Clissold, Gillian Rosalind Gunn
(2001)
Coercion versus co-optation: Western relations with the MPLA and FRELIMO from 1956 to 1976.
PhD thesis, London School of Economics and Political Science.
Abstract
This thesis analyses the development of Western relations with the Popular Movement for the Liberation of Angola (MPLA) and the Front for the Liberation of Mozambique (FRELIMO) from 1956 to 1976. It concludes that nationalist attitudes were influenced by eleven factors, of which only one--perception of Western policies--was consistently present in every time period. Even when a movement was becoming increasingly hostile to the West due to other factors, perception of a friendly Western attitude was capable of producing a positive nationalist response. Although seven factors shaped Western policies, in general governments reacted in accord with the impact of nationalist policies on interests deemed important.
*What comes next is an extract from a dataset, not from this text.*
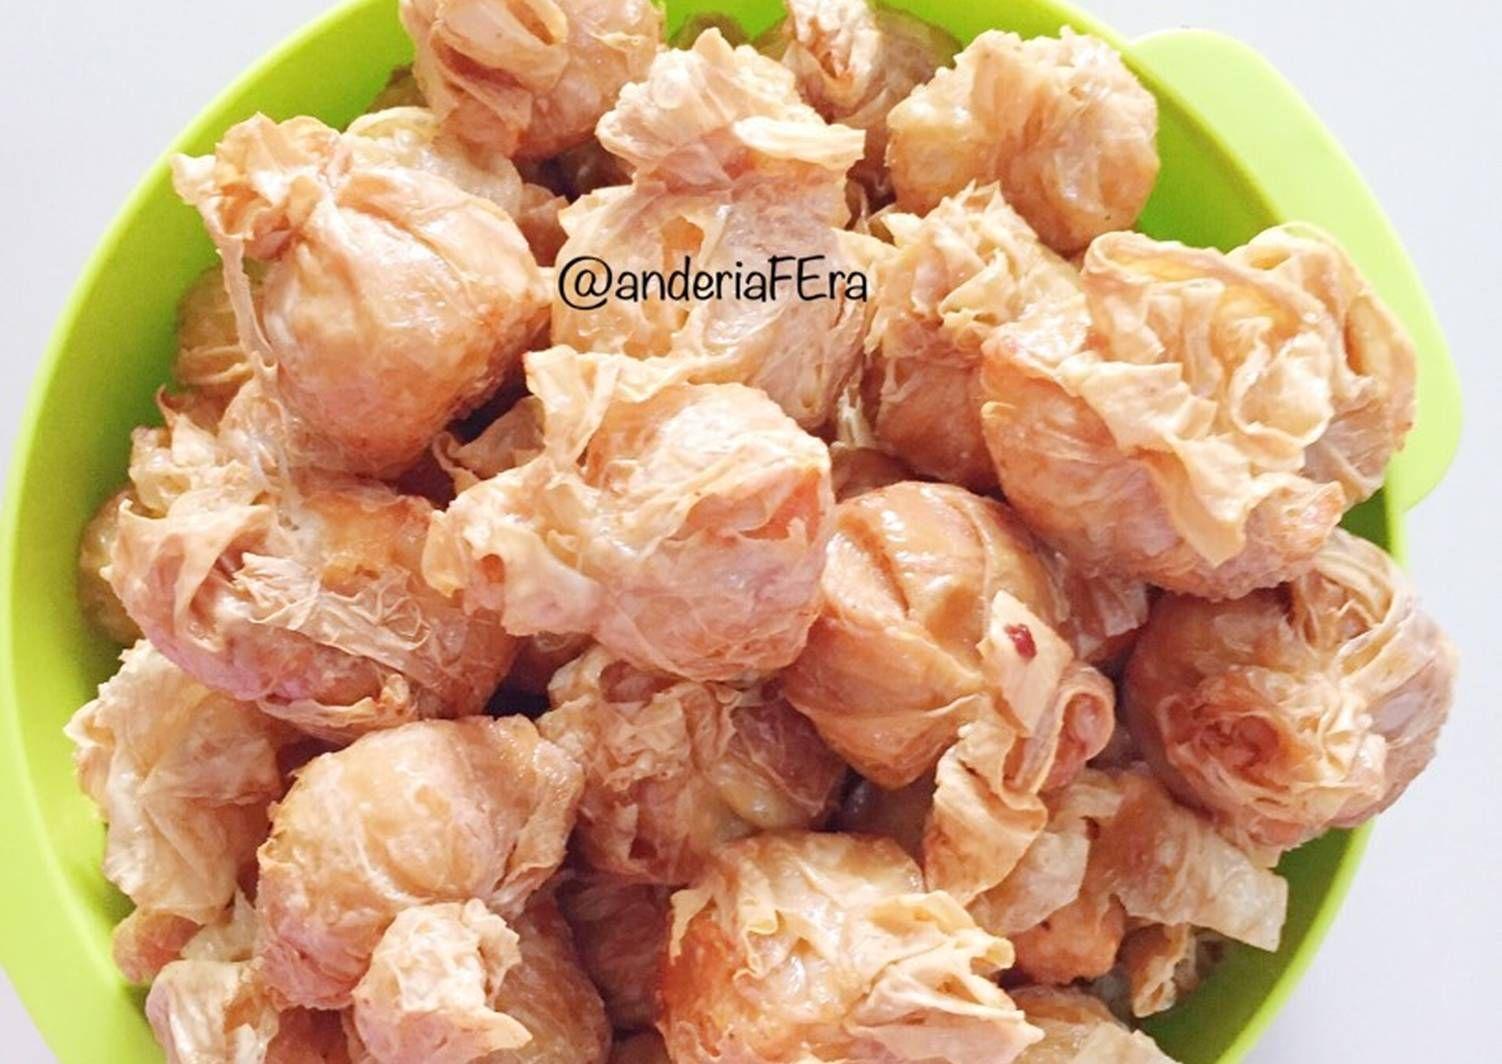 Resep Ekado Ala Hokben Oleh Anderia Fera Resep Resep Resep Masakan Masakan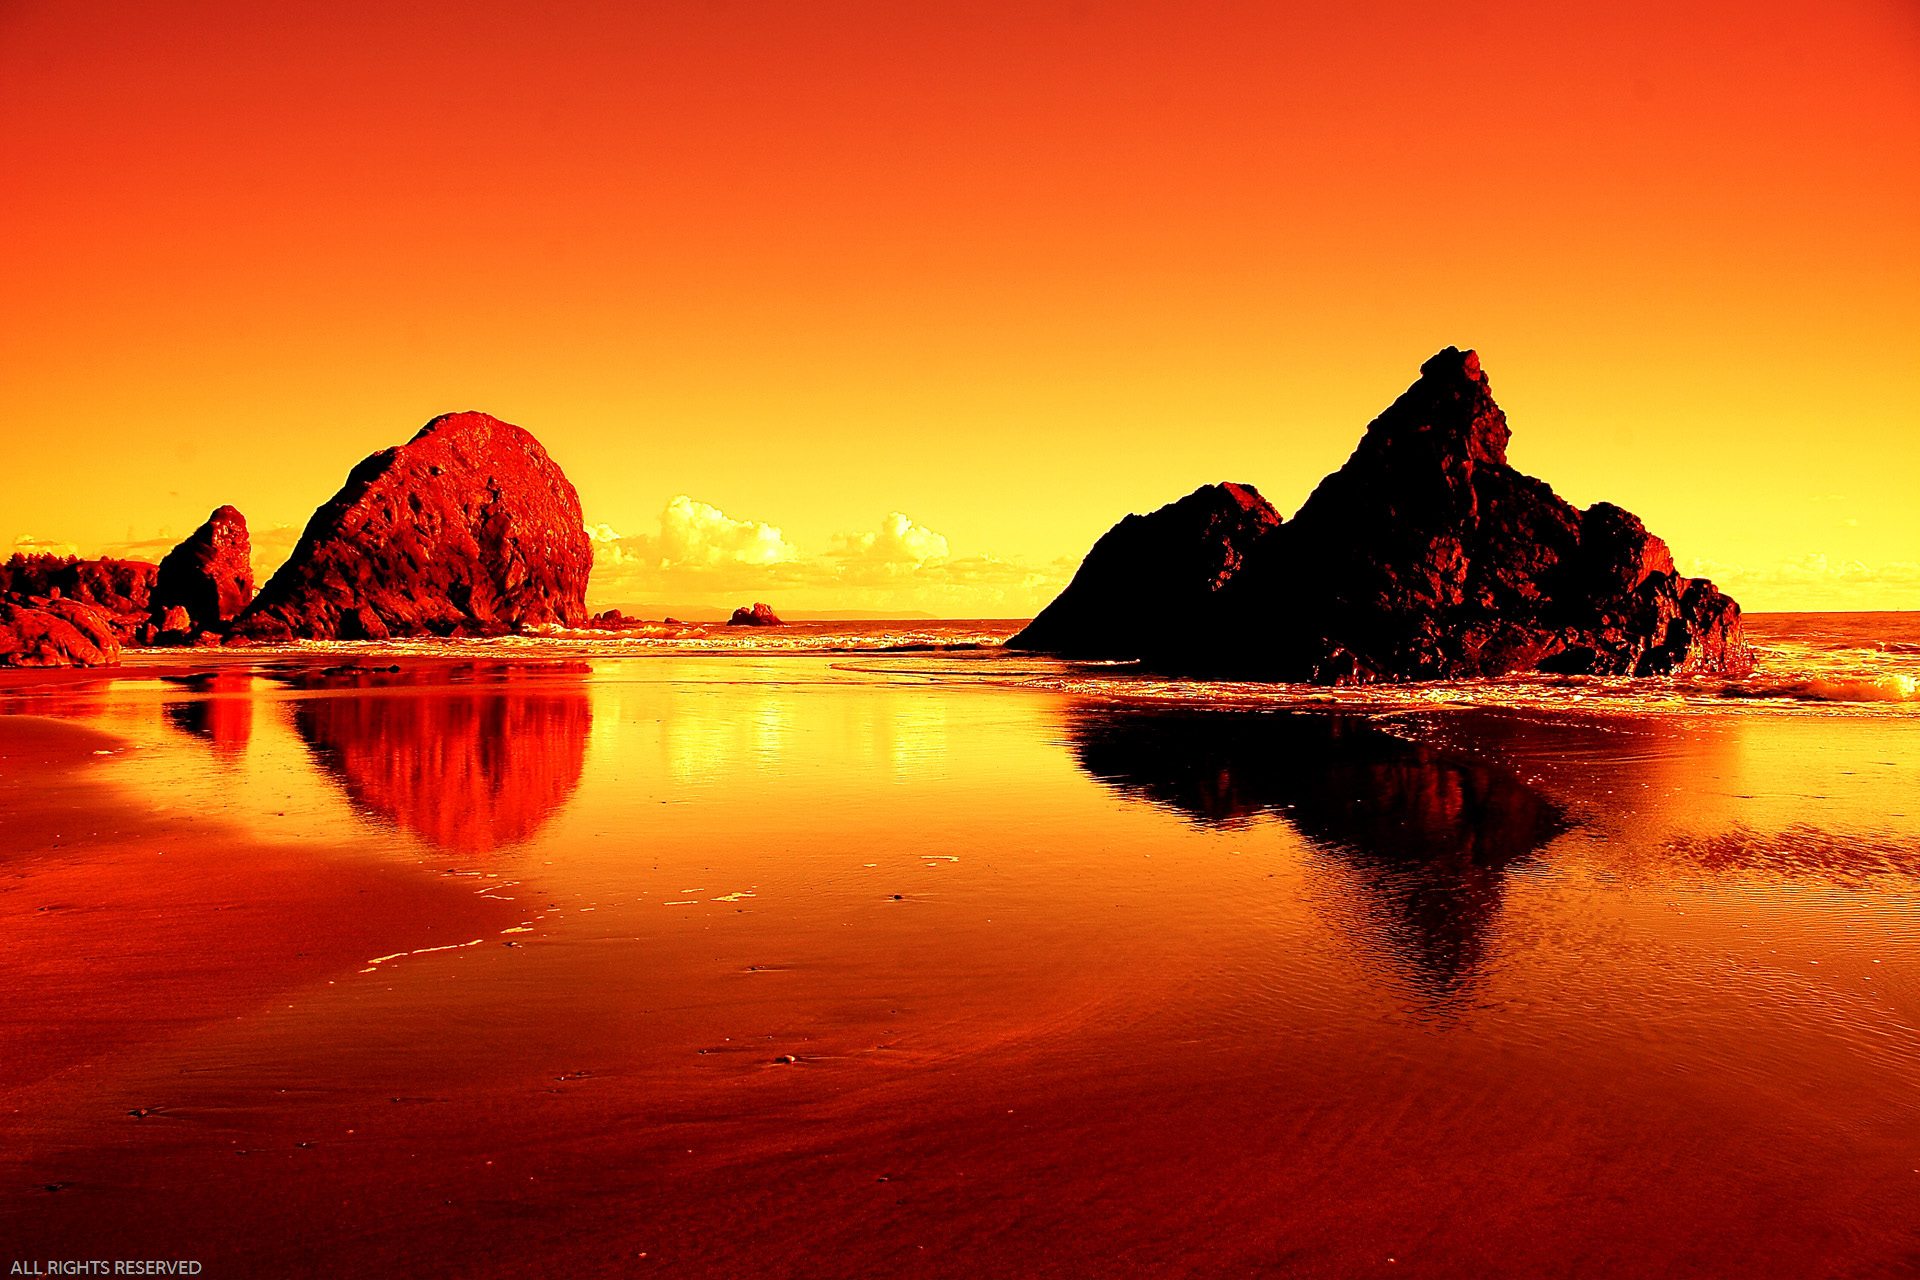 Sfondi desktop paesaggi hd tramonto rosso sfondi hd gratis for Immagini hd gratis

For cold war-focussed countries, a movement's policies were only examined to determine their influence on that international competition. Because both nationalist groups had ties with the socialist world, and because Portugal threatened to deny Western access to the Azores base if the West courted the nationalists, cold war-focussed states such as the United States avoided co-optation initiatives. Those states with wider ties to the area tended to evaluate the impact of the whole spectrum of nationalist policies on regional interests when determining strategies. Countries with broad ties to the region, such as Britain, were capable of overlooking a movement's socialist alliances and adopting co-optation policies if the group was deemed willing and able to further the Western state's interests in the region. The thesis also concludes that co-optation policies would have better protected Western interests than the coercion or neglect strategies so often selected and that such an approach would have produced stronger results in FRELIMO than in the MPLA. However, due to the interplay of other factors, even if subjected to consistently positive Western policies neither movement would have become a close Western ally.